Seeing as we have a virtually identical target configuration in mind,
you can expect quite a lot of help from our direction in the near
future, and in the mean time we can provide encouragement, information
and perhaps a few useful lines of code.

Regards,

Daniel

2007-09-18 08:12:24

by Wouter Verhelst

[permalink] [raw]
Subject: Re: [RFC 0/3] Recursive reclaim (on __PF_MEMALLOC)

On Mon, Sep 17, 2007 at 10:11:25PM -0700, Daniel Phillips wrote:
> On Monday 17 September 2007 20:27, Mike Snitzer wrote:
> > > - Statically prove bounded memory use of all code in the writeout
> > > path.
> > >
> > > - Implement any special measures required to be able to make such
> > > a proof.
> >
> > Once the memory requirements of a userspace daemon (e.g. nbd-server)
> > are known; should one mlockall() the memory similar to how is done in
> > heartbeat daemon's realtime library?
>
> Yes, and also inspect the code to ensure it doesn't violate mlock_all by execing programs (no shell scripts!), dynamically loading libraries, etc.

In nbd-server, there's no dlopen(), and I do not currently plan to add
that. Are there problems with using libraries that are sharedly linked
at compile time that I'm not aware of?

There are plans to add the possibility for shell script callouts, but
those would always be optional. I see no reason why we couldn't make any
mlockall() call an option, too; preferably one that would be
incompatible with the shell script callout stuff.

> > Bigger question for me is what kind of hell am I (or others) in for
> > to try to cap nbd-server's memory usage? All those glib-gone-wild
> > changes over the recent past feel problematic but I'll look to work
> > with Wouter to see if we can get things bounded.
>
> Avoiding glib is a good start. Look at your library dependencies and
> prune them merclilessly. Just don't use any libraries that you can
> code up yourself in a few hundred bytes of program text for the
> functionalituy you need.

I'm currently using glib because I wanted some utility functions that it
provides, and since I already knew glib; to me, it feels stupid to
reimplement the same things over and over again if there are libraries
that provide them.

If using glib is problematic for whatever reason, I'll certainly be
willing to switch to "something else"; I just didn't feel like
reinventing the wheel for no particular reason.

[...]
> > to get nbd-server to to run in PF_MEMALLOC mode (could've just used
> > the _POSIX_PRIORITY_SCHEDULING hack instead right?)... it didn't help
> > on its own; I likely didn't have enough of the stars aligned to see
> > my MD+NBD mke2fs test not deadlock.
>
> You do need the block IO throttling, and you need to bypass the dirty
> page limiting.
>
> Without throttling, your block driver will quickly consume any amount
> of reserve memory you have, and you are dead. Without an exemption
> from dirty page limiting, the number of pages your user space daemon
> can allocate without deadlocking is zero, which makes life very
> difficult.

Would having the server use O_DIRECT help here? I would think that it
would avoid it marking pages as dirty, but I'm not very familiar with
the in-kernel bits.

--
<Lo-lan-do> Home is where you have to wash the dishes.
-- #debian-devel, Freenode, 2004-09-22

2007-09-18 09:31:18

by Peter Zijlstra

[permalink] [raw]
Subject: Re: [RFC 0/3] Recursive reclaim (on __PF_MEMALLOC)
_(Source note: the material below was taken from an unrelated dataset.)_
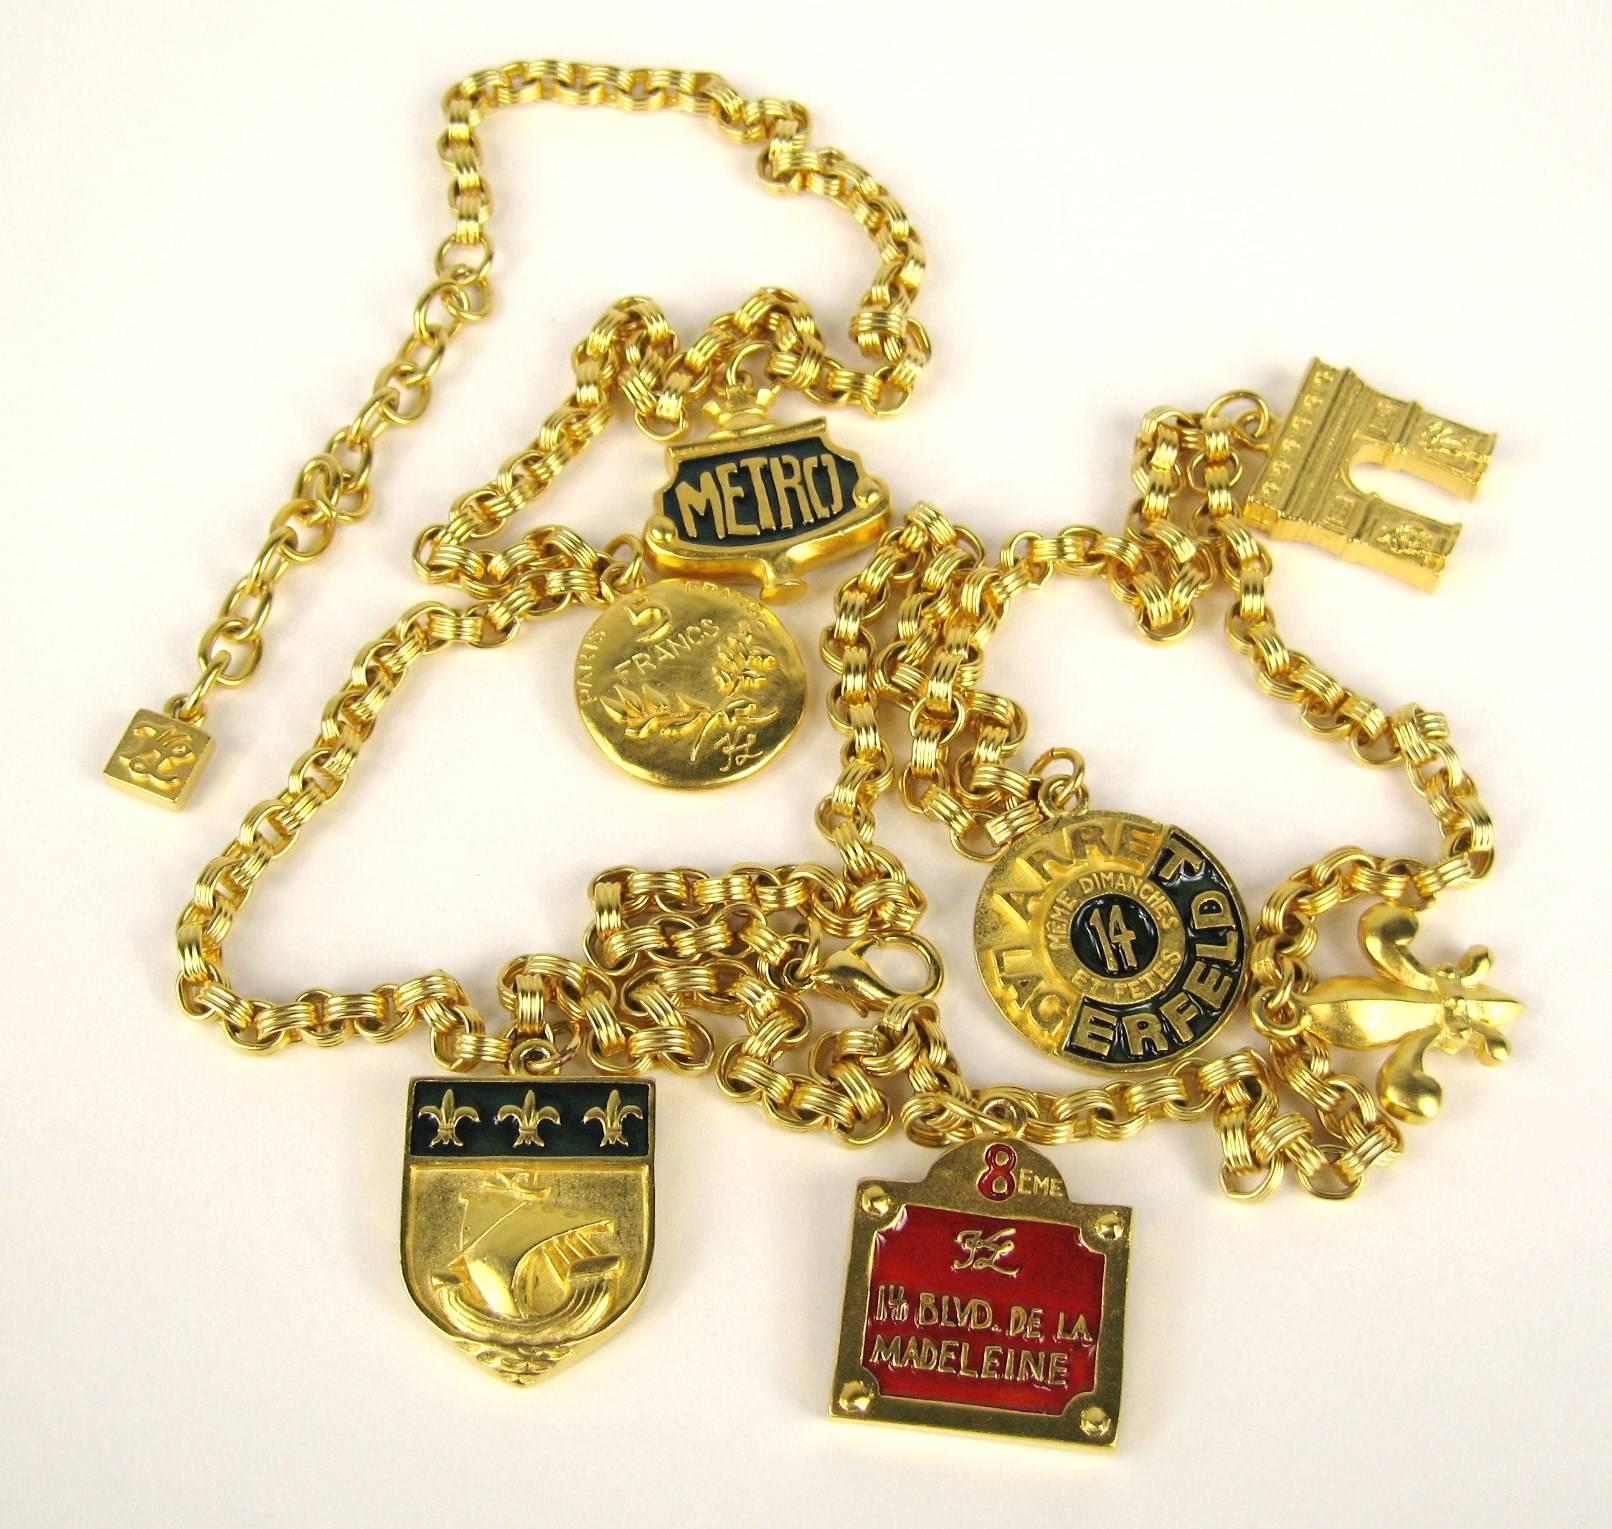 Karl Lagerfeld Gilt metal with Red Enamel with the words 14 Blvd De La Madeleine Charm Necklace or belt. Charms include 14 Blvd De La Madeleine/ 5 francs/ meme dimanchie et petes / Metro. I have more of this set listed on my storefront. It  measures

On Mon, 17 Sep 2007 23:27:25 -0400 "Mike Snitzer" <[email protected]>
wrote:

> I'm going to try adding all the things I've learned into the mix all
> at once; including both of peterz's patchsets. Peter, do you have a
> git repo or website/ftp site for you r latest per-bdi and network
> deadlock patchsets? Pulling them out of LKML archives isn't "fun".

BDI should be back in -mm, for the other its in shambles atm, I'll tell
you where to find it when I've put it back together.

I should get myself some time to read on how to push relative git
trees, as I did get myself a kernel.org account.

> Also, I've noticed that the more recent network deadlock avoidance
> patchsets haven't included NBD changes; any reason why these have been
> dropped? Should I just look to shoe-horn in previous NBD-oriented
> patches from an earlier version of that patchset?

NBD has some serious block layer issues, I once talked with Jens about
it and he explained what needed to be done to get NBD back in
shape again, but I could not be bothered to spend time on it.
[ and have since forgotten most of the details :-/ ]

For me NBD is dead and broken beyond repair, it needs a wholesale
rewrite.

2007-09-18 09:58:52

by Peter Zijlstra

[permalink] [raw]
Subject: Re: [RFC 0/3] Recursive reclaim (on __PF_MEMALLOC)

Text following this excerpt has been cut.